Staff S RN, interviewed on 9/28/15 at 4:55pm acknowledged the sinks in the patient rooms and nursery did not have hands free sinks and the potential for cross contamination of the staff ' s hands.
Tag No.: A0959
The hospital reported a census of 16 patients. Based on medical record review and staff interview the hospital failed to ensure the surgeon dictated and signed an operative report describing techniques and findings immediately following surgery for two of five surgical patients records reviewed ( patient's #12 and 14). This failure has the potential to cause poor patient outcomes due to the incomplete medical records for surgical patients.
Findings include:
Policy titled Transcription reviewed on 10/1/2015 at 7:55 AM directed " ...The HIM clerk checks each report in CPSI (electronic health record system) and performs deficiency maintenance ... "

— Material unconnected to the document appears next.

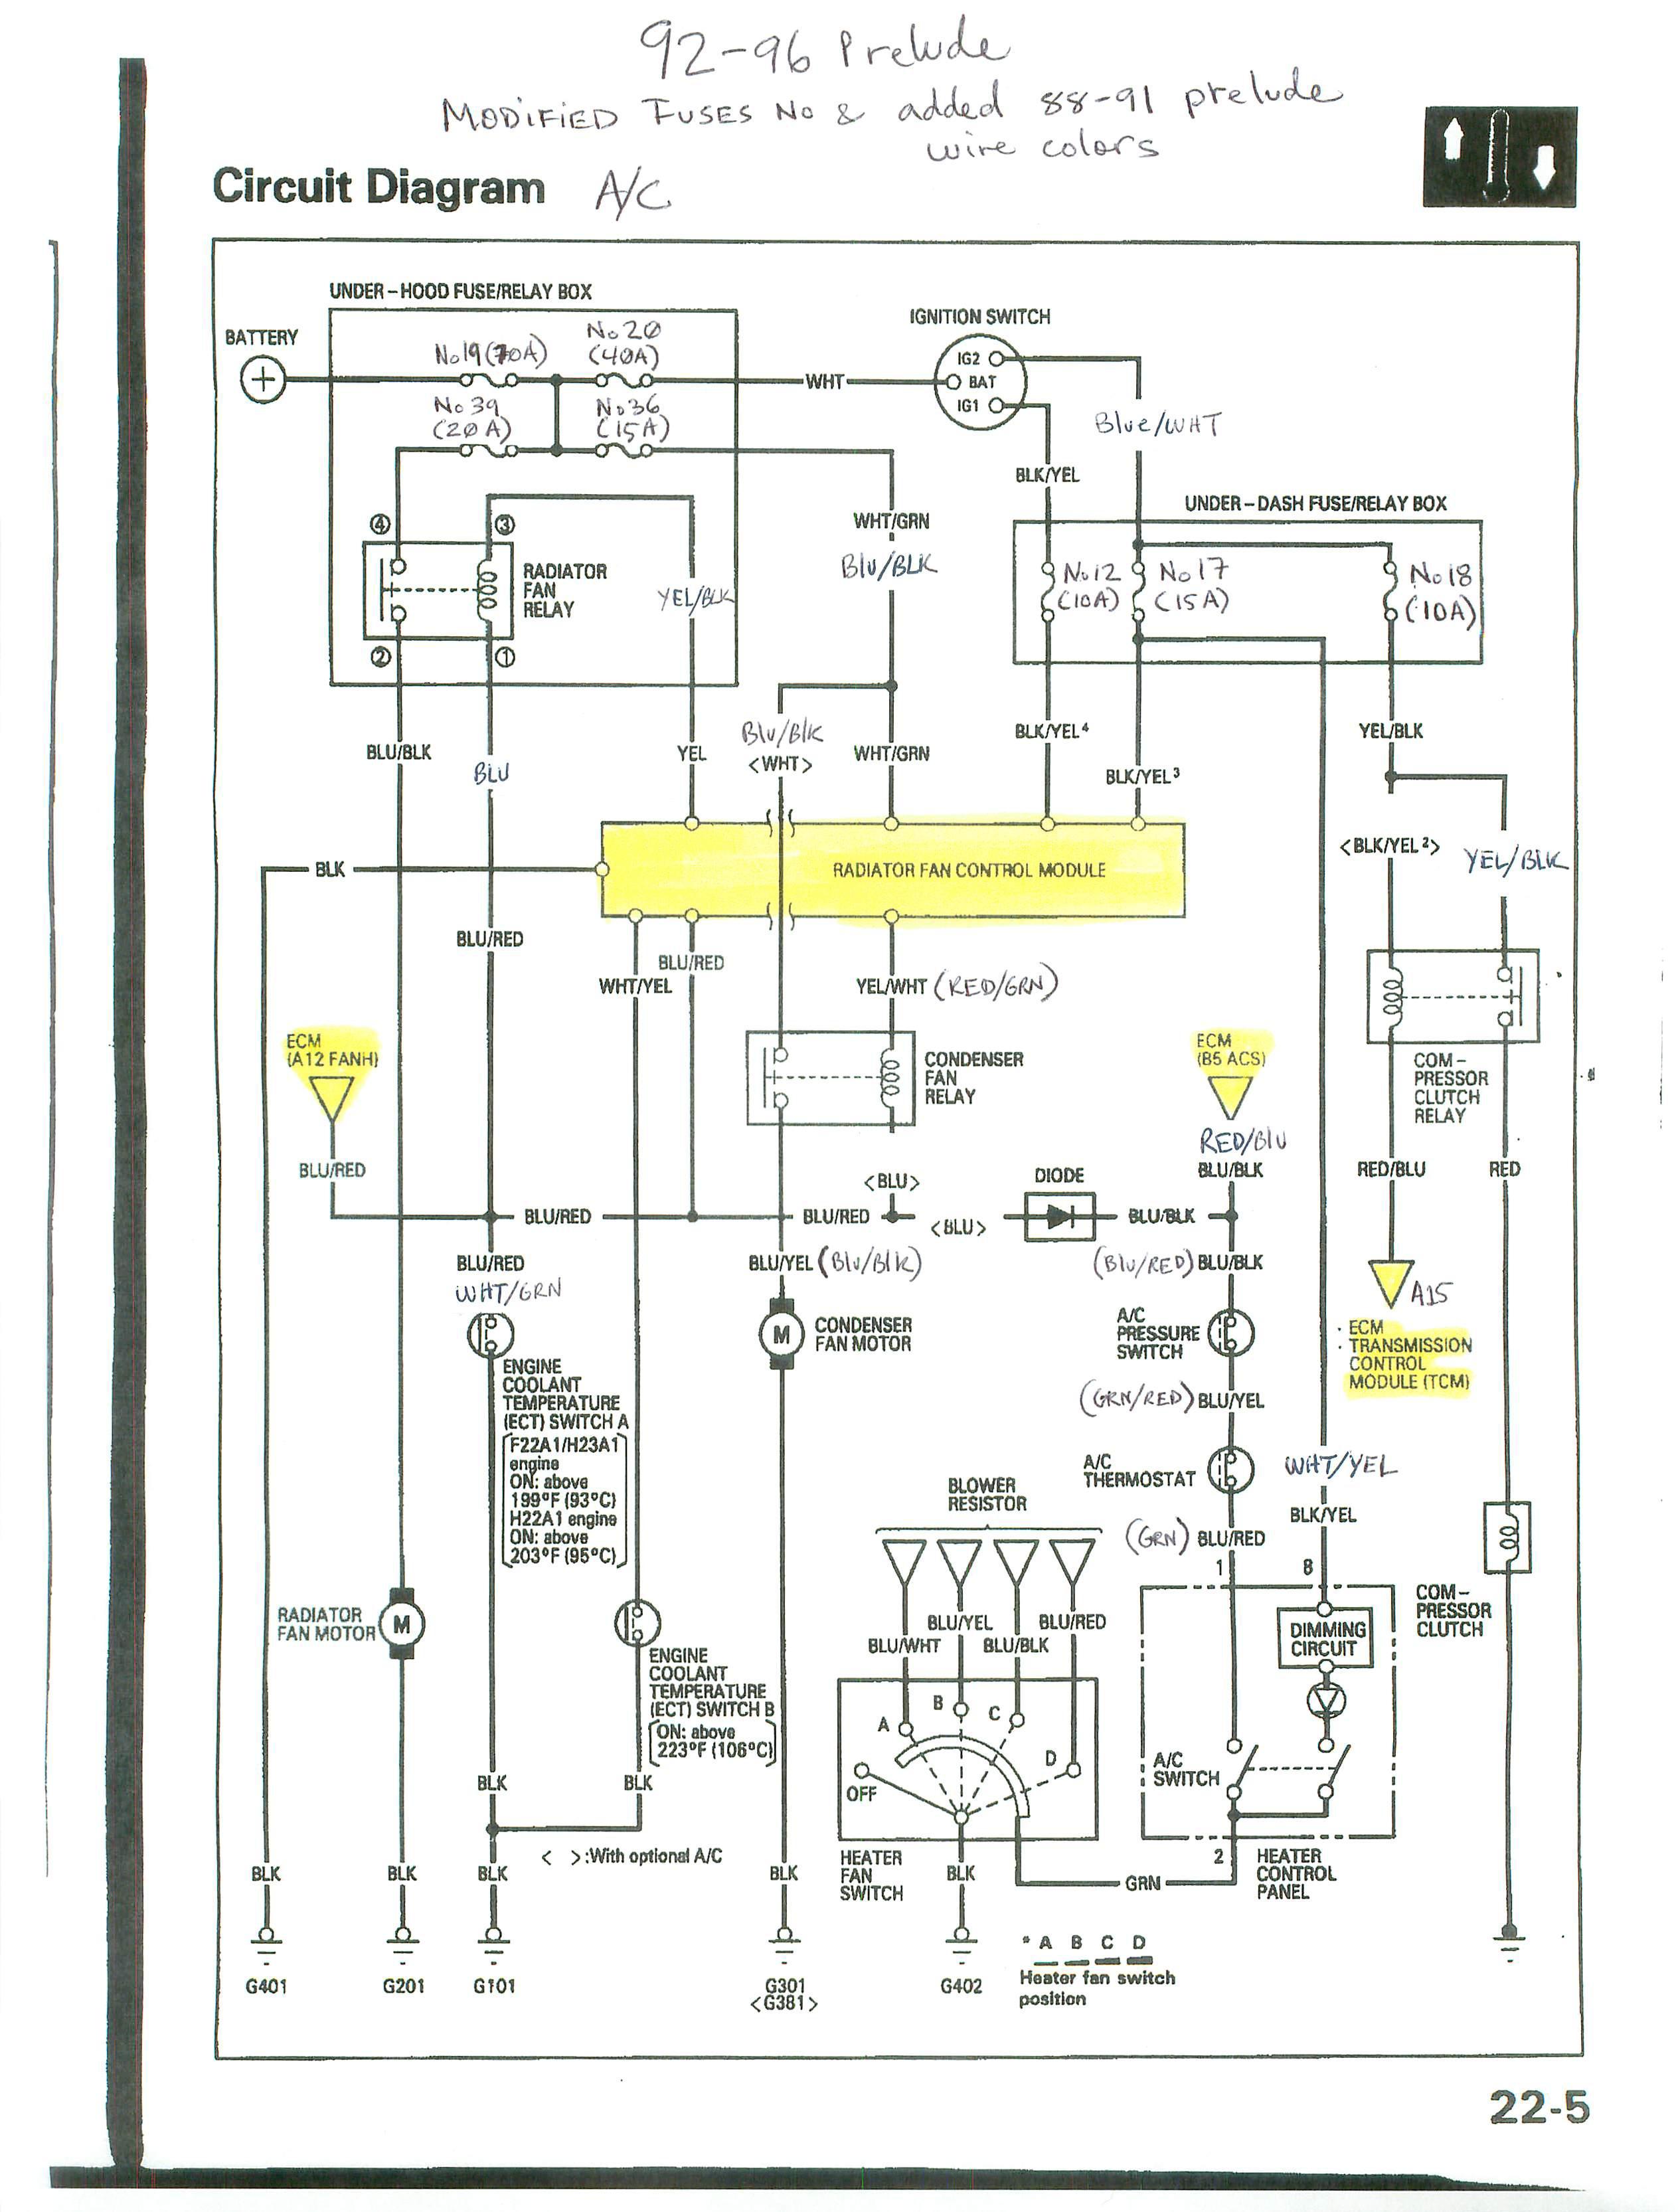 1992 honda prelude headlight wiring diagram rheem air handler 83 p30 get free image about
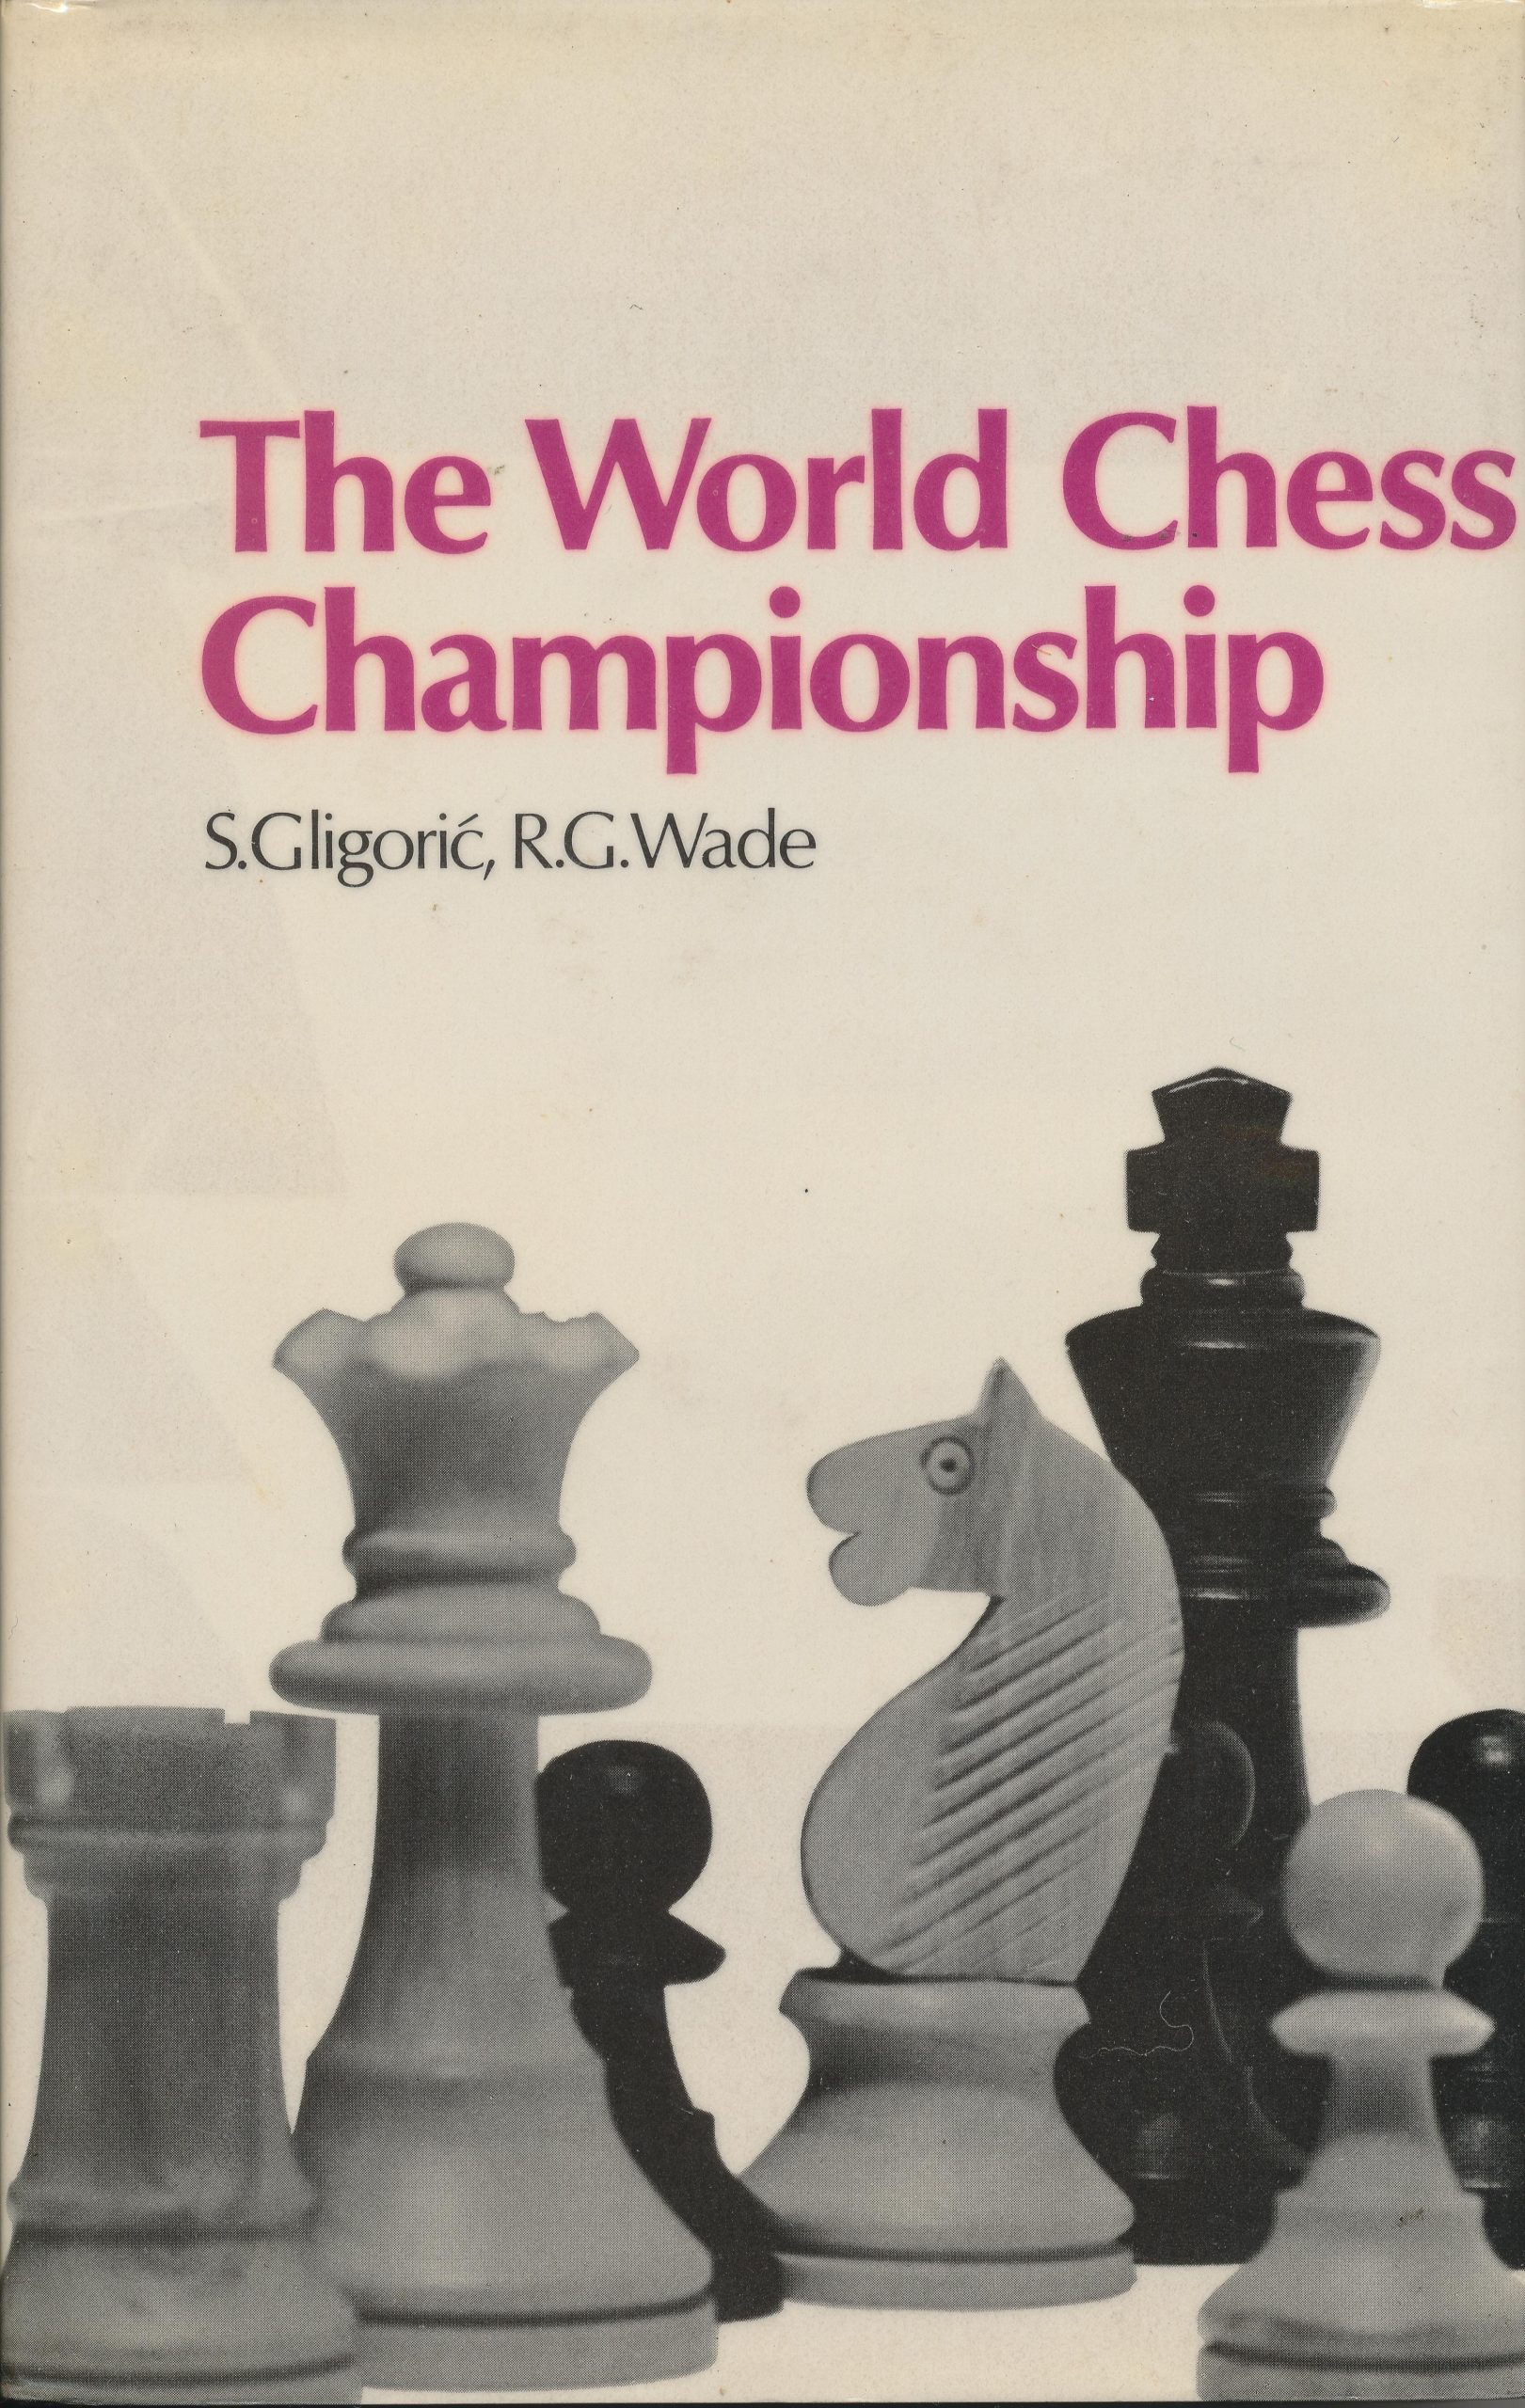 The World Chess Championship, Gligoric and Wade, Batsford, 1974

- Patient #12's medical record reviewed on 9/29/2015 revealed an admission date of 9/23/2015 for an open reduction and internal fixation of the right ankle (surgery to repair a fractured ankle). The medical record lacked evidence the surgeon completed and signed an operative report immediately following surgery.
- Patient #14's medical record reviewed on 9/29/2015 revealed an admission date of 9/28/2015 for a mid-urethral sling urethroplexy placement (a surgery to implant a device to hold up the bladder). The medical record lacked evidence the surgeon completed and signed an operative report immediately following surgery.
Medical Records staff E interviewed on 9/29/2015 at 2:30 PM acknowledged the medical records lacked evidence the surgeon completed and signed an operative report immediately following surgery and deficiency maintenance had not been completed.
Tag No.: A2402
The Hospital reported a census of 16 patients. Based on observation, policy reviews and staff interviews the hospital failed to post all required signage in the emergency department's admission area, waiting room, and or treatment rooms. Failure to post all required signage has the potential to prevent patients from understanding their rights to emergency treatment.
Findings include:
- Emergency Department observed on 9/29/2015 at 8:50 AM revealed no Emergency Medical Treatment and Labor Act (EMTALA) signs posted where they are likely to be seen by the public including the admissions area, the waiting room and the treatment rooms.
Registered nurse staff F interviewed on 9/29/2015 at 9:00 AM revealed the hospital is currently doing construction projects and the EMTALA signs have not been mounted on the walls in the emergency department. Staff F indicated the signs are on the floor in the patient reception area and are not posted where they are likely to be seen by patients, but there is an EMTALA sign posted at the hospital's front entrance.
Policy reviewed on 10/1/2015 at 8:00 AM revealed the hospital failed to develop a policy to ensure Emergency Medical Treatment and Labor Act (EMTALA) signs are posted to ensure they are likely to be seen by patients.